(INFORMATION SUPPLIED)

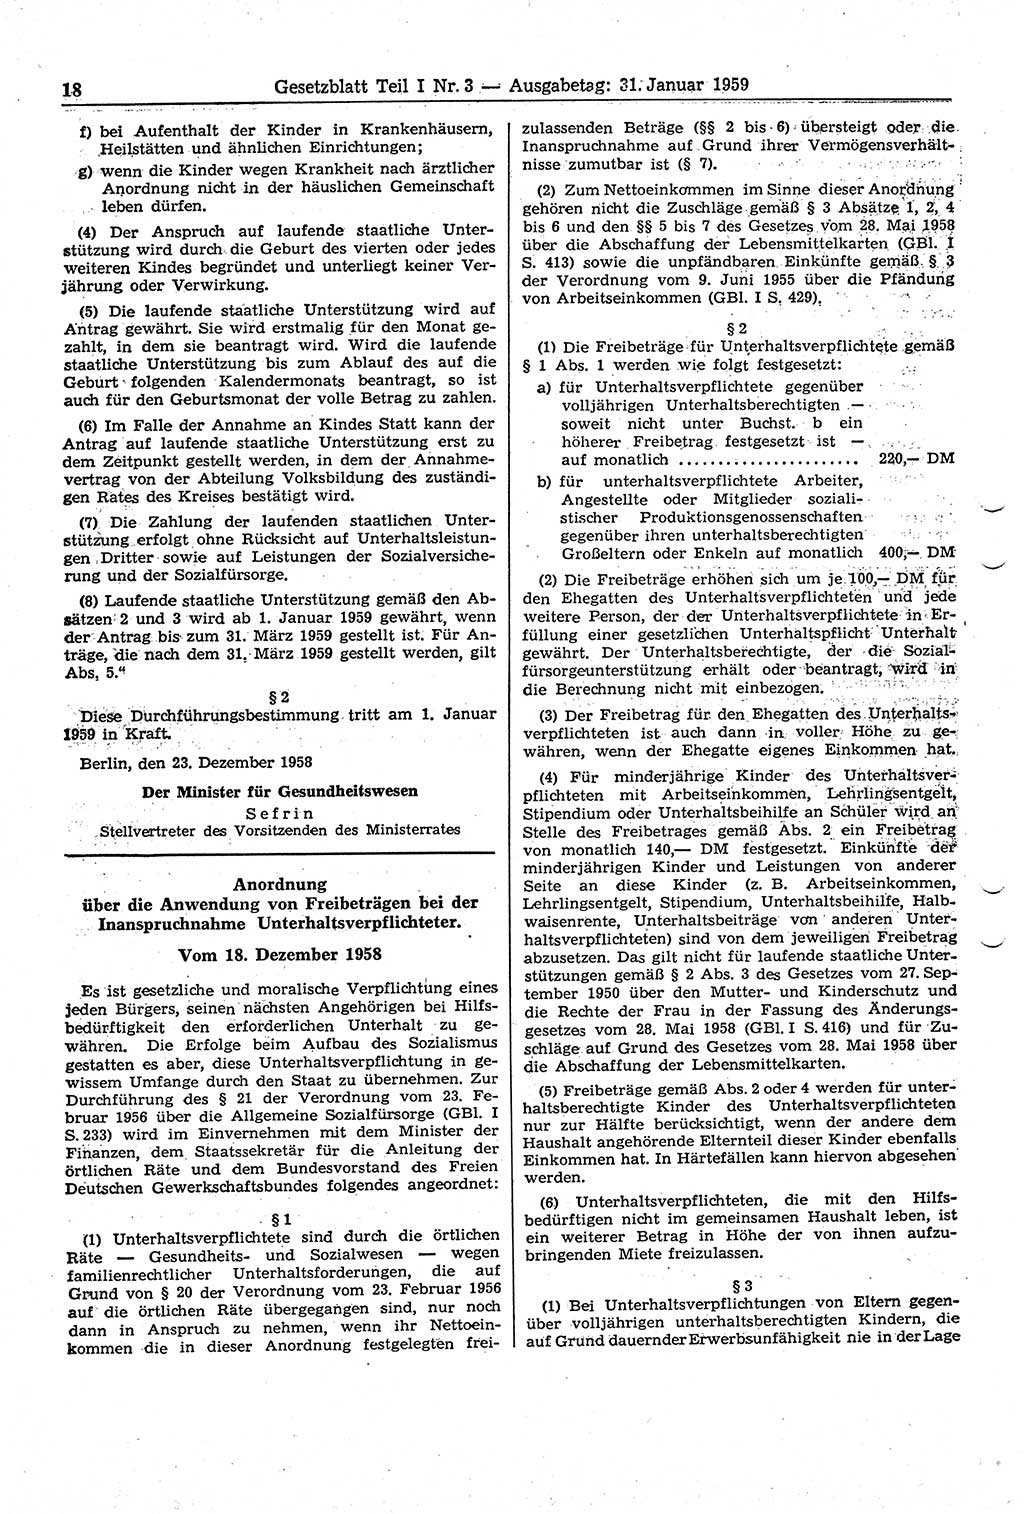 Gesetzblatt (GBl.) der Deutschen Demokratischen Republik (DDR) Teil Ⅰ 1959, Seite 18 (GBl. DDR Ⅰ 1959, S. 18)
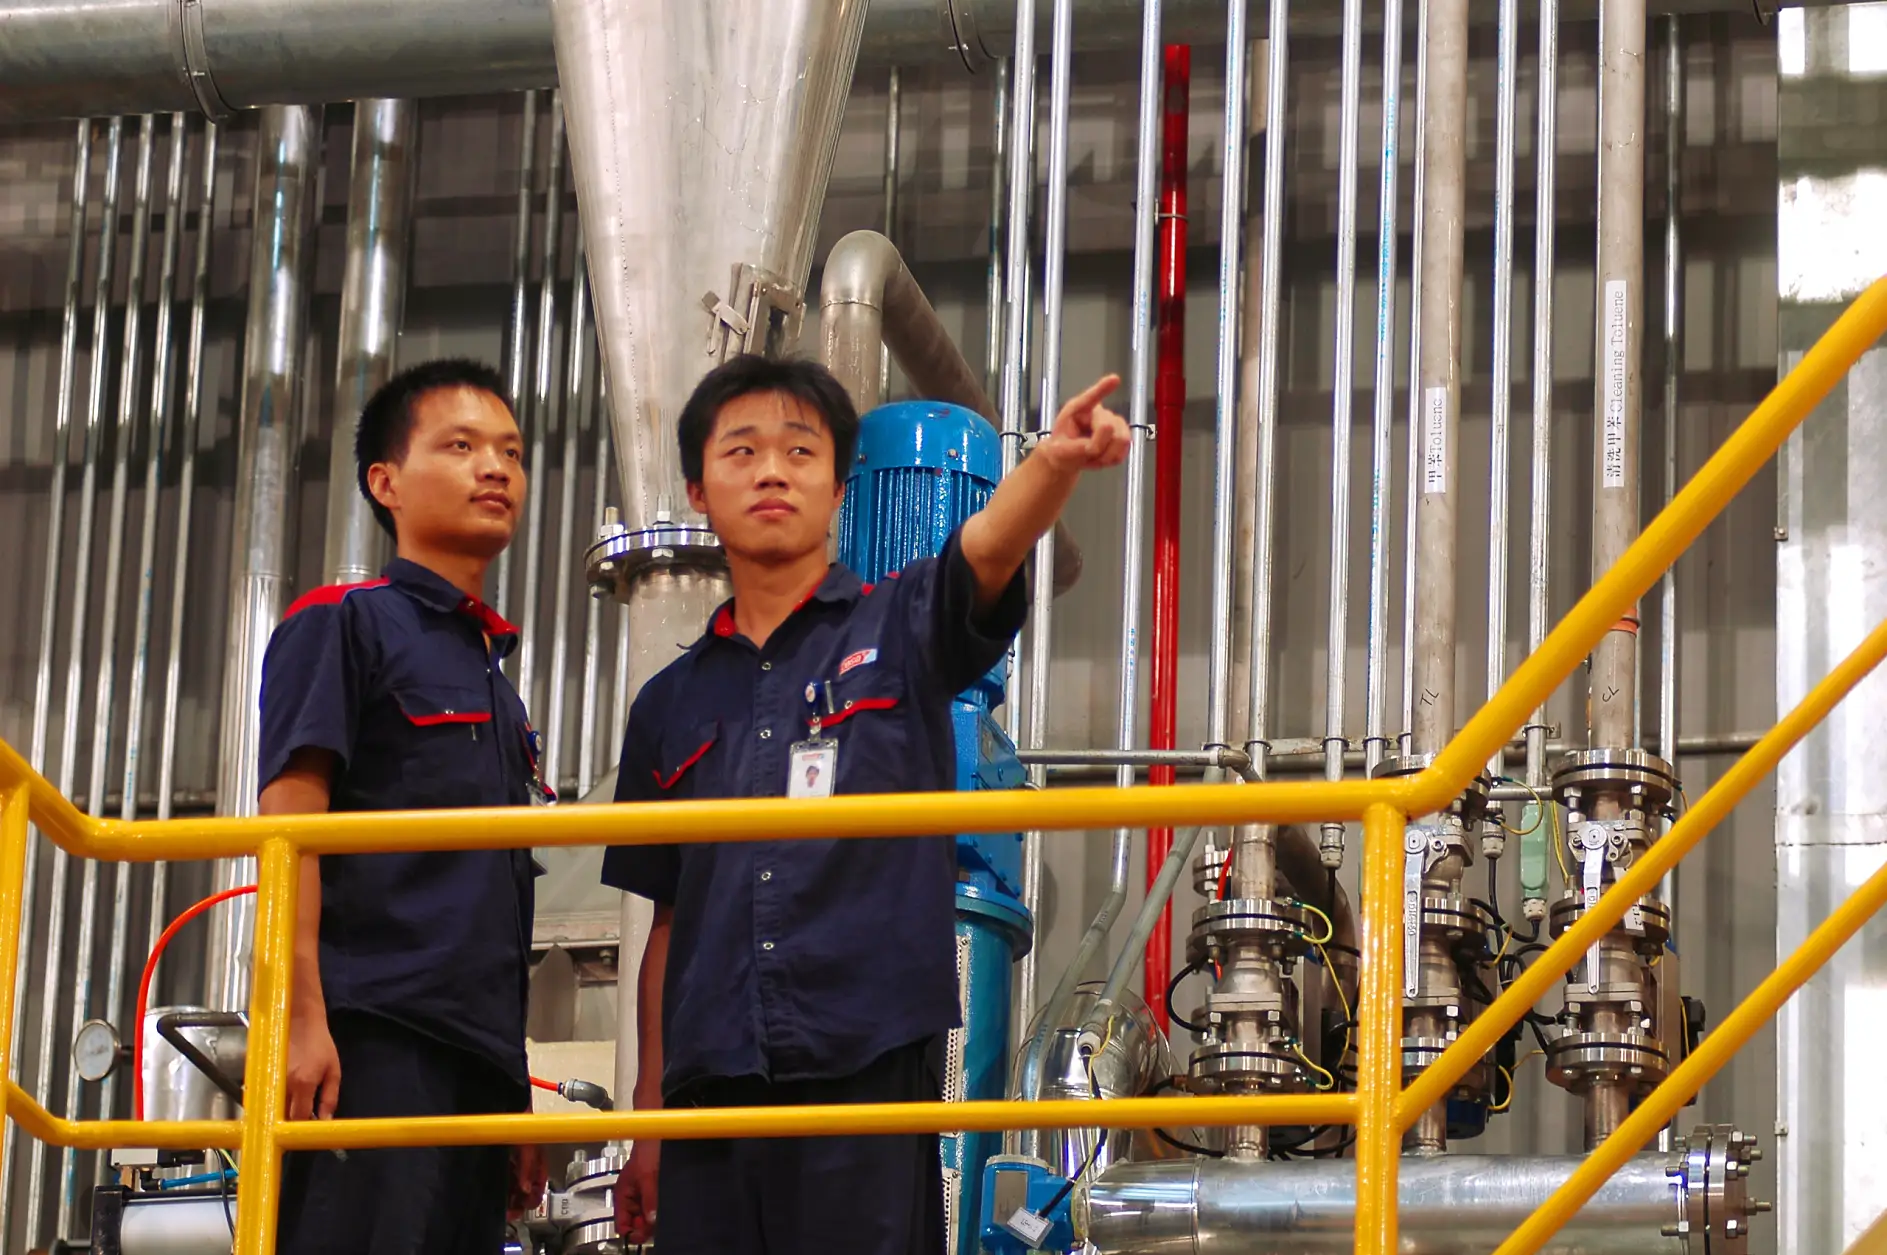 Arbeiter im tesa Standort Suzhou, China
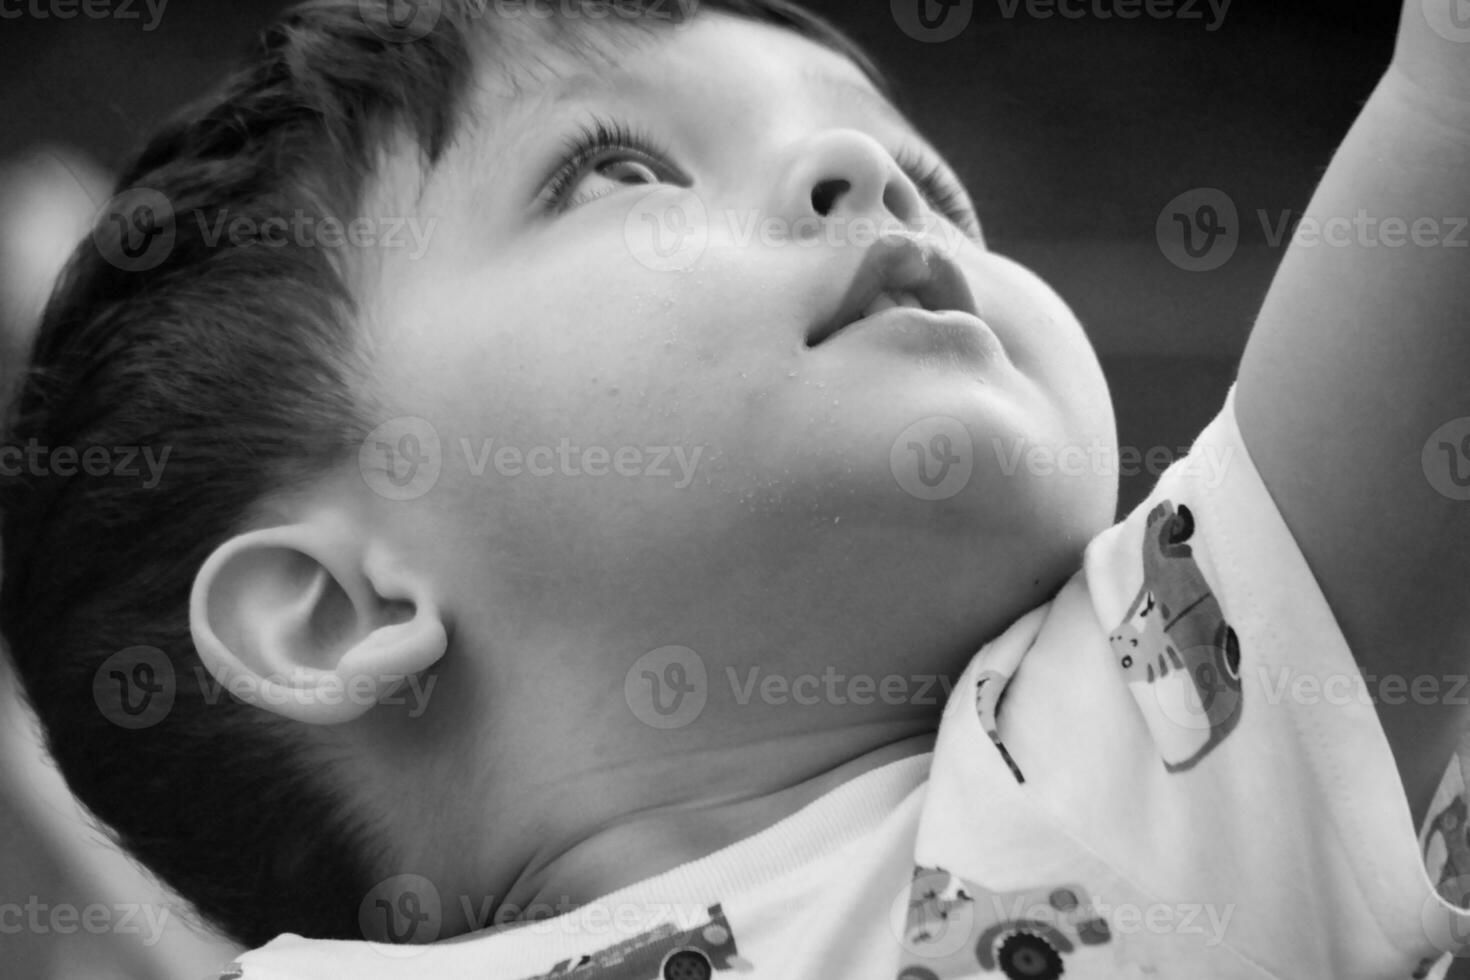 bellissimo vicino su ritratto di un asiatico pakistano bambino ragazzo di nome ahmed mustafain haider è in posa a casa giardino a santo agostino Ave lutone, Inghilterra UK. Immagine era catturato su aprile 03, 2023. foto
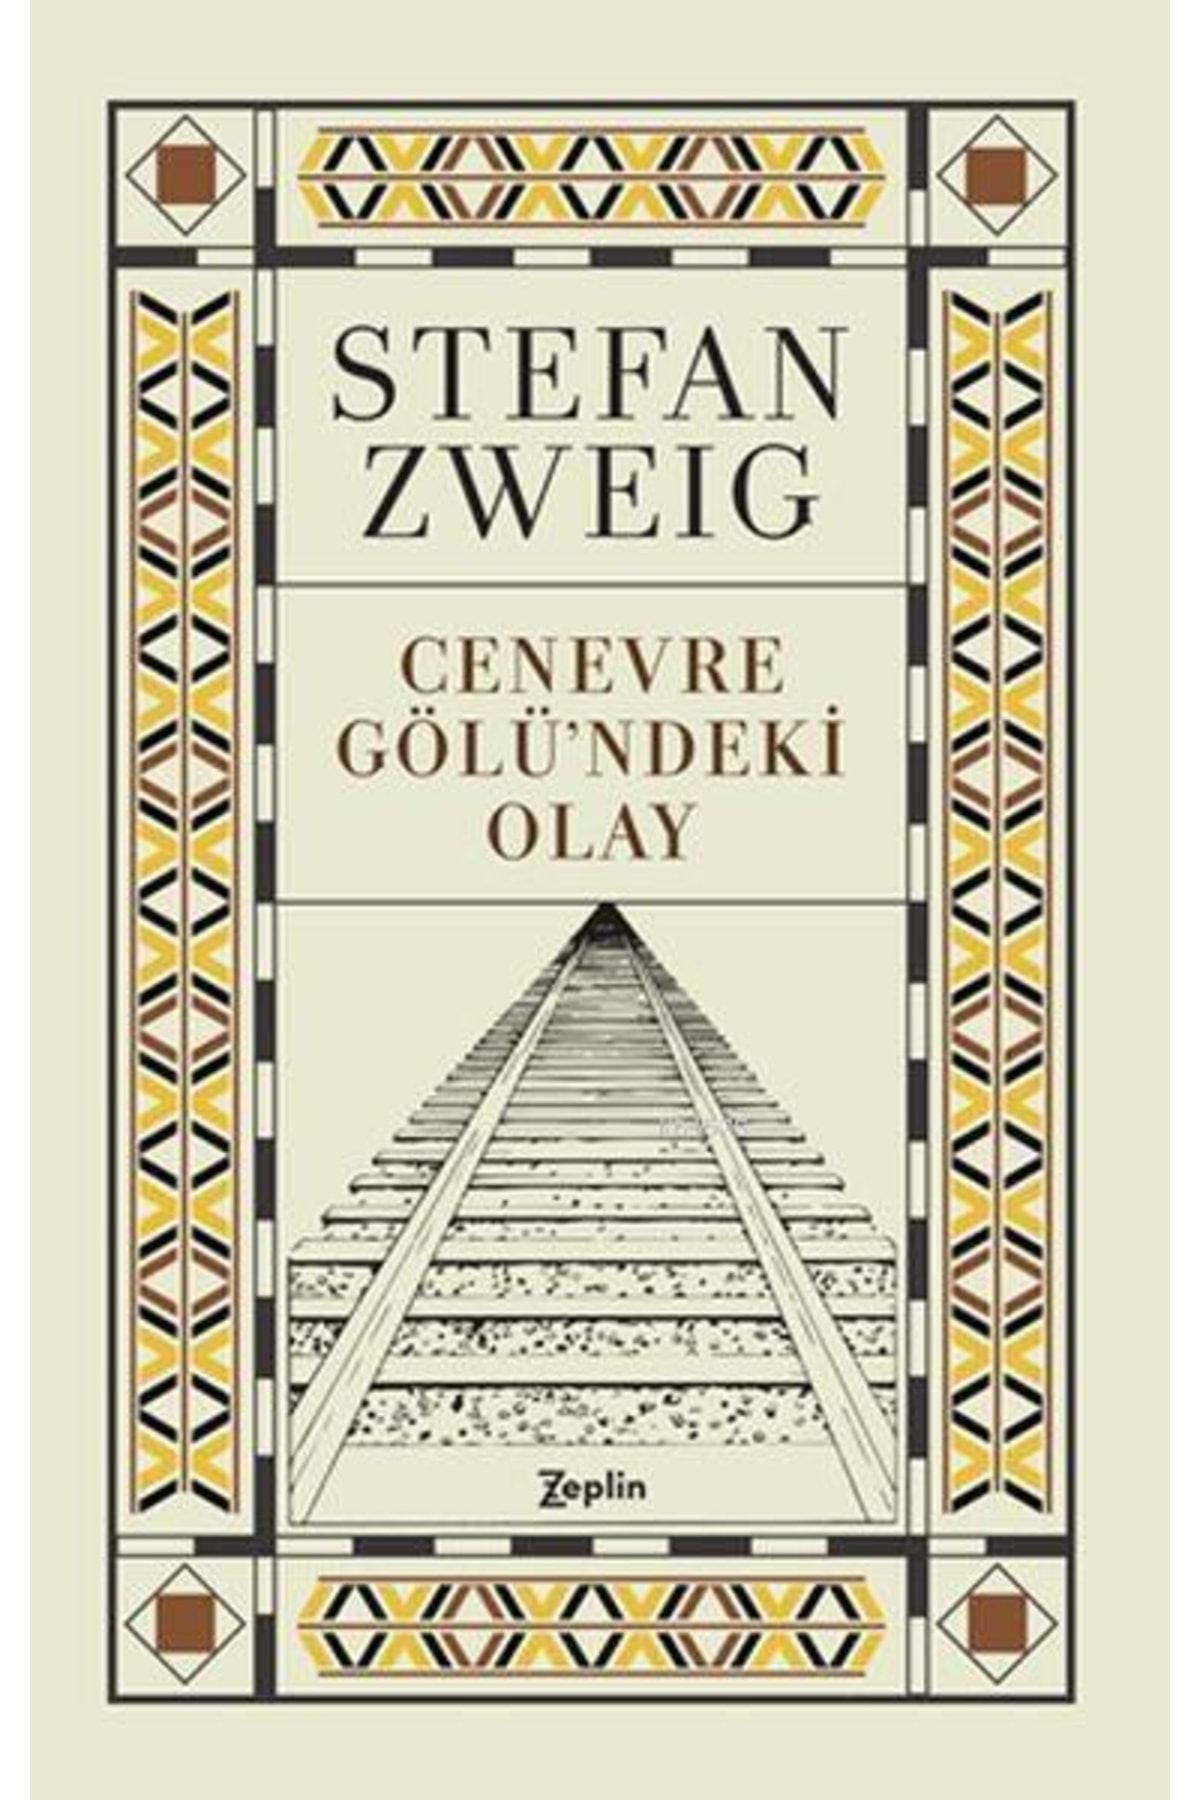 Zeplin Kitap Cenevre Gölü'ndeki Olay - Kitap - Stefan Zweig

(End INFORMATION SUPPLIED)

WHAT THE TASK REQUIRES
Once the pictures are set aside, output all of the data above verbatim.

OUTPUT BELOW
 Gesetzblatt (GBl.) der Deutschen Demokratischen Republik (DDR) Teil Ⅰ 1959, Seite 18 (GBl. DDR Ⅰ 1959, S. 18)
 Arbeiter im tesa Standort Suzhou, China
 bellissimo vicino su ritratto di un asiatico pakistano bambino ragazzo di nome ahmed mustafain haider è in posa a casa giardino a santo agostino Ave lutone, Inghilterra UK. Immagine era catturato su aprile 03, 2023. foto
 Zeplin Kitap Cenevre Gölü'ndeki Olay - Kitap - Stefan Zweig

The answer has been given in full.